Rating: PG-13 for disturbing images of disease
I am dying. I know that. The knowledge is an icy finger running down my spine.
I am being consumed by the dread plague that has swept mercilessly through our camp, has killed so many of my companions. Fever is burning me; it is a fire that rages under my skin and burns me. My head is being squeezed with a vise and a hammer is pounding behind my eyes. Pain wracks my joints. It feels like someone is injecting acid into my knees and elbows and fingers and spine. I cannot endure it.
But neither can I find relief. I cannot even scream; I can barely moan.
I struggle to breathe.

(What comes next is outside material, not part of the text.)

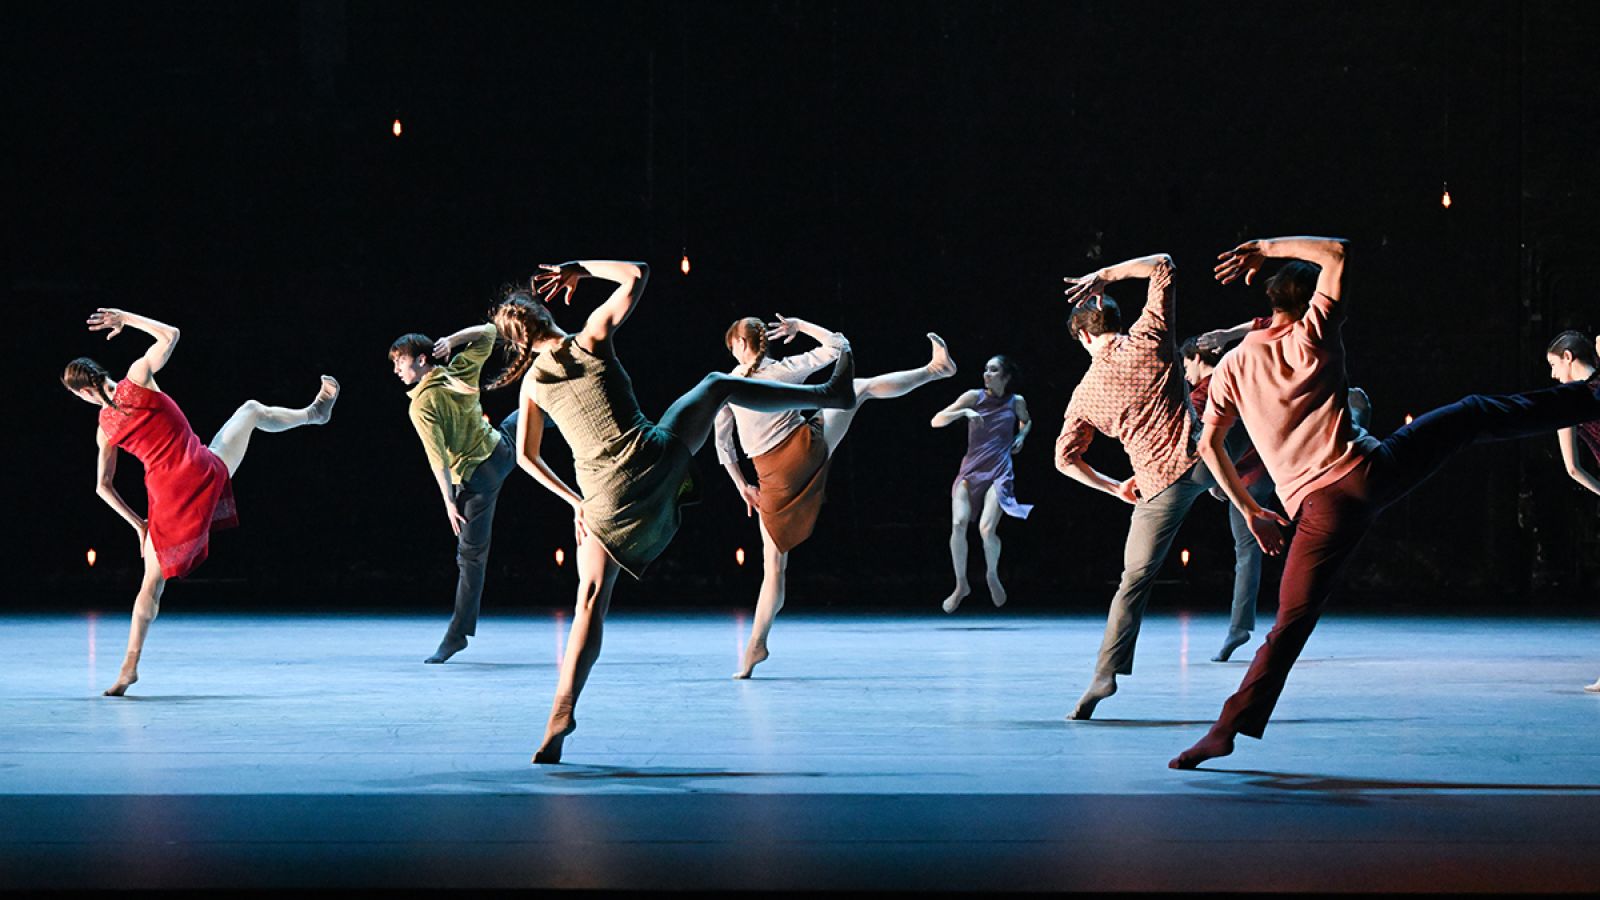 The Stuttgart Ballet presents "Pure Bliss" by Johan Inger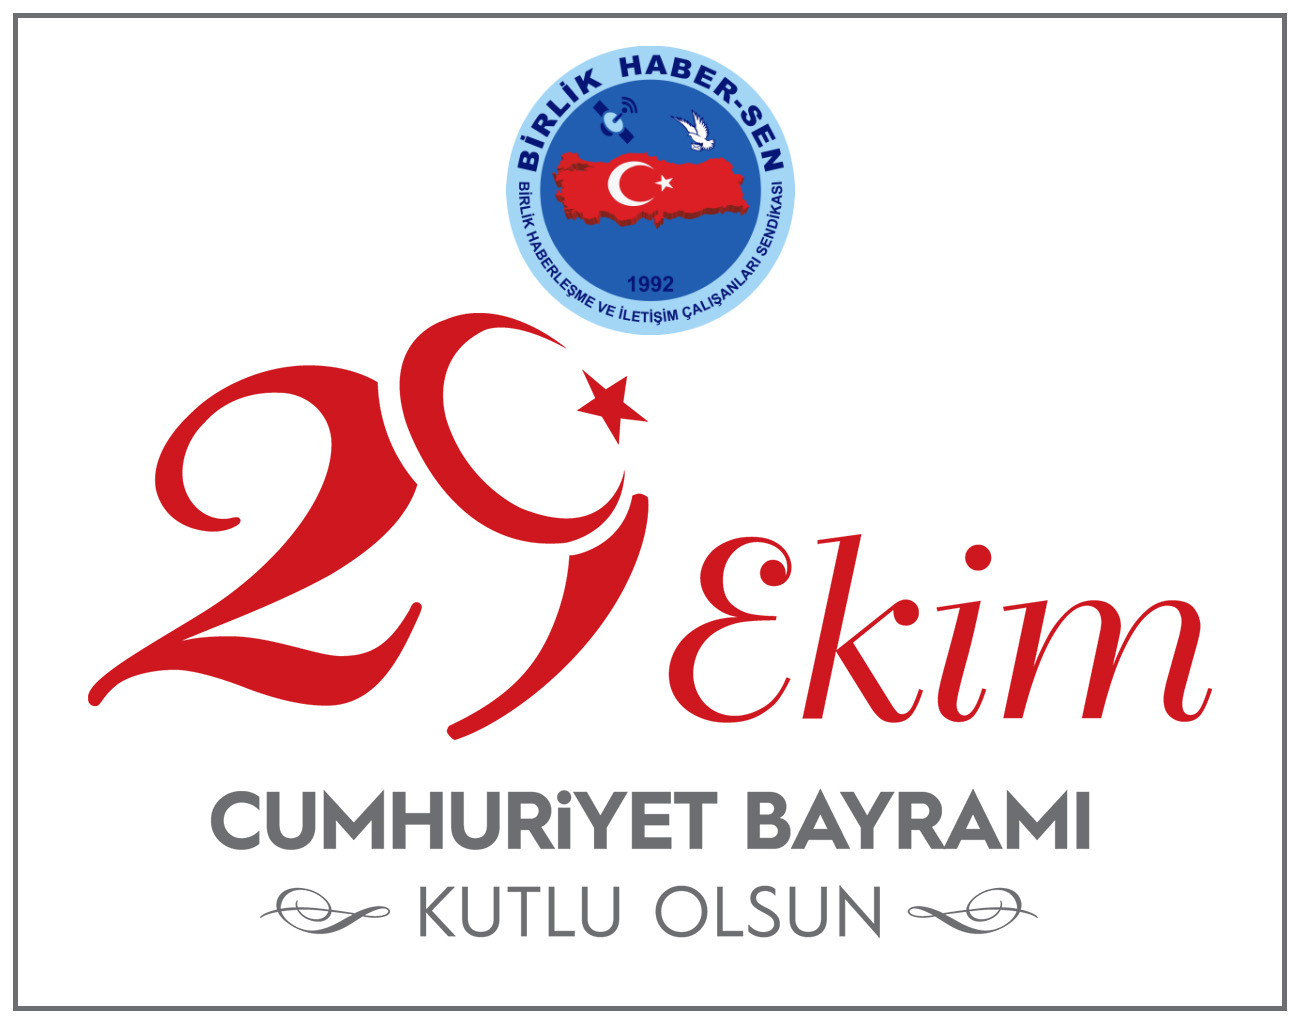 Asırlık Çınar Türkiye Cumhuriyeti 98 Yaşında

My lungs are destroyed and I gasp for air. When I can draw a breath, it is foul with the reek of blood and death and filth. I loathe it. I loathe this disease. I want to die.
No. Not that. I want to live. I am desperate to live. I am young; I have my whole life before me. And that life will end here, on this cot.
Not even a bed—there are none left—but on this dirty cot on the floor between two beds. It still stinks of its last occupant. Through the haze of pain, I see a nurse walking toward me.
“Water,” I try to croak, but no sound comes out. My lips barely move. I can no longer keep my eyes open. The nurse bends at the far end of the cot. I feel her tie something onto my toe, then she straightens and pulls the thin sheet that covers my ruined body till it also covers my head. I want to scream that I am not yet dead, that I am still among the living, but I cannot. I cannot move, cannot speak. The thin cloth over my nostrils makes the already arduous task of breathing near impossible. I am not dead yet, but I soon will be.
The thought makes me want to weep like a child.
Then I feel myself being lifted. The sudden motion makes my stomach lurch, but there is nothing left in it to come up, not even bile. I am carried unsteadily for an eternity. With each step, I can feel my life draining. I imagine a trail of it on the floor behind me, like blood.
Then I am dropped. I do not think they meant to do so, but they did. The pain is unbearable. My joints burn. My head throbs. My lungs pop like fat in a skiddle. Please God, let me die.
Yes, I have nothing but agony here now. Let me die.
Footsteps approach. Something lands on me. It is large and soft and excruciatingly heavy. It must weigh two hundred pounds. I realize what it is: a dead man.
Horror crawls up my spine and creeps into my skull. They stack the bodies in the hall outside the morgue like a pile of wood. I realize I have been placed there. And they have started to pile bodies on top of me.
Another body lands on me. I am being crushed to death by those already within death’s grasp. I feel a rib, already fractured from uncontrollable coughing, give way completely. Two ribs. The throbbing in my head is all-encompassing now and my mind begins to narrow. It darkens to a single spot of burning light.
Then the light goes out.
Historical Note: This story takes place during the 1918-1919 influenza pandemic. It is based, not a specific incident, but on a specific nightmare. A nurse stationed at the Great Lakes Naval Training Station remembered that during the peak of the pandemic, the overworked nurses would sometimes move soldiers to the morgue before they were dead. It saved time. For the rest of her life, this nurse was haunted by a recurring nightmare: “What it would feel like to be that boy who was at the bottom of the cord wood in the morgue.” (Source: Barry, John. The Great Influenza: The Epic Story of the Deadliest Plague in History. New York: Penguin Group, 2004.)